How Do Models Call Tools

LLMs don’t execute tools directly
LLMs “learn” to generate tool call syntax
A system orchestration layer intercept and execute the tool
Three primary methods for LLMs to know about tools
- Instruction Tuning (Fine-Tuning)
- System Prompt (e.g. ReAct)
- In-Context Learning (Few-Shot)

Instruction Tuning

An LLM explicitly fine-tuned on a dataset of (Instruction, Tool Call, Tool Output, Final Answer)
- Early works (2023):
  - Toolformer
  - TALM
Fine-tuned to recognized when an instruction requires a tool and to emit the exact syntax
At inference time, no need for extra info to LLM,
Knowledge of tool use baked into model weights
- Pro: Very fast and reliable for known tools.
- Con: Not flexible; cannot easily add new tools without re-tuning.
This is early work, not scalable with new tools

System Prompt

System prompt instructs LLM to call tools

eg.

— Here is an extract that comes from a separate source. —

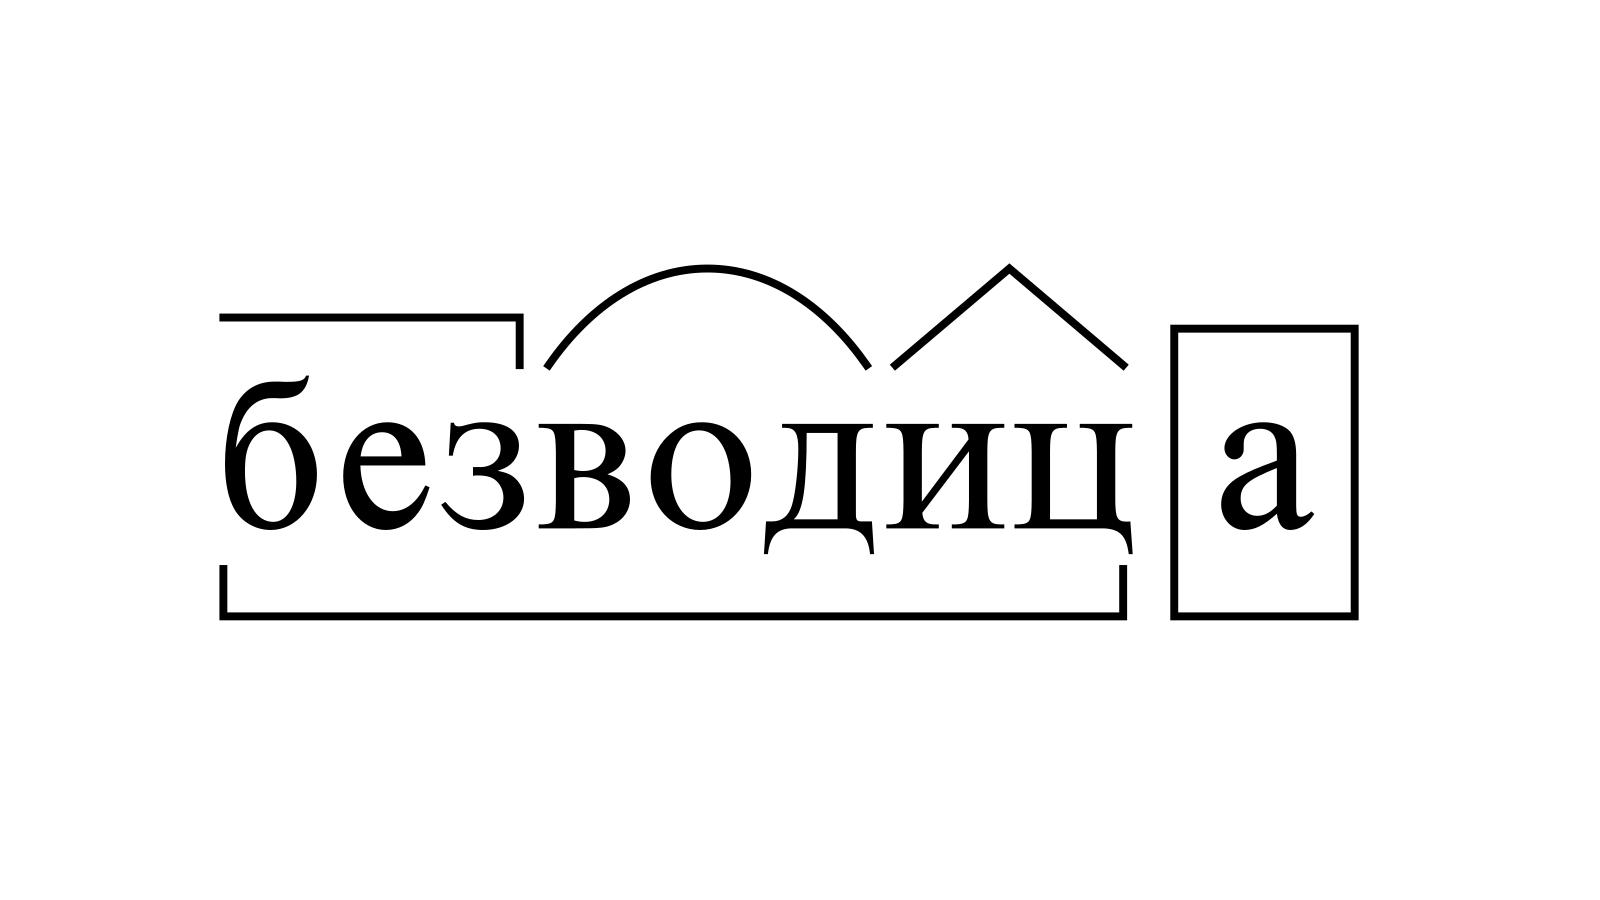 Разбор слова «безводица» по составу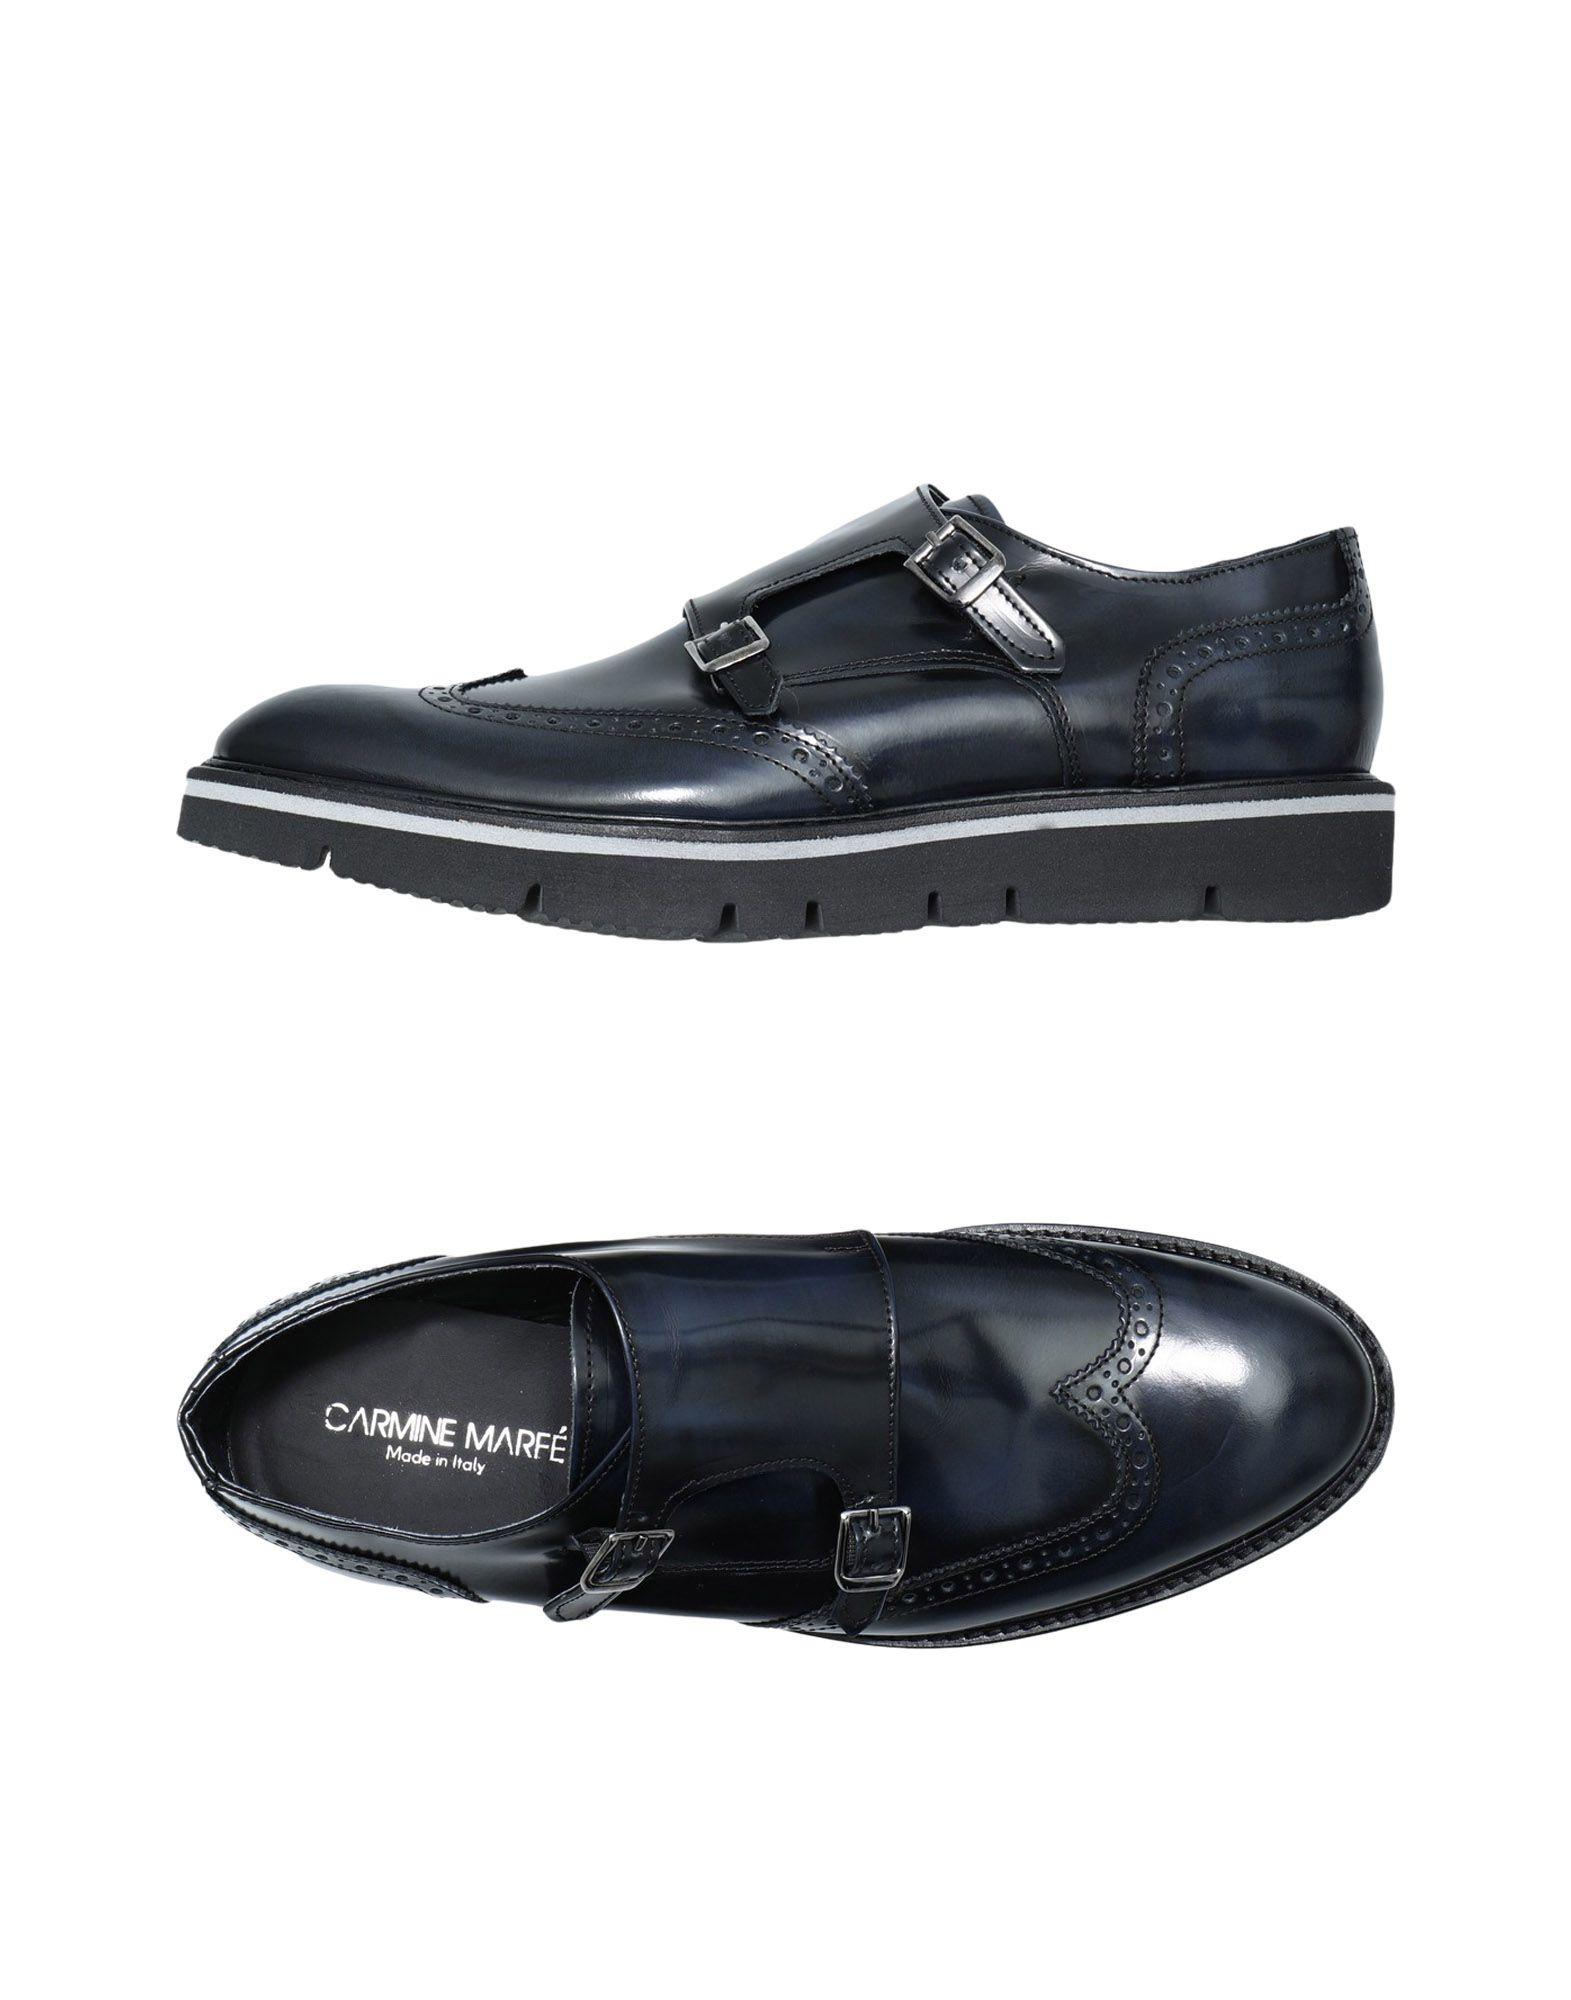 Carmine Marfé Mokassins Herren  11532796RJ Gute Qualität beliebte Schuhe

ReAct loop

Reason: LLM thinks step-by-step about what it needs. Tool Call: LLM decides to call a tool and generates the tool call syntax. Tool Execution: Outside the LLM, execute the tool, get result, and feed back to LLM Repeats this loop until it has enough information to answer the user.

Pro: Flexible; new tools can be added just by describing them in the prompt
Cons: Can be less reliable than fine-tuning; agent can get “stuck in a loop”, making errors or inducing many LLM calls.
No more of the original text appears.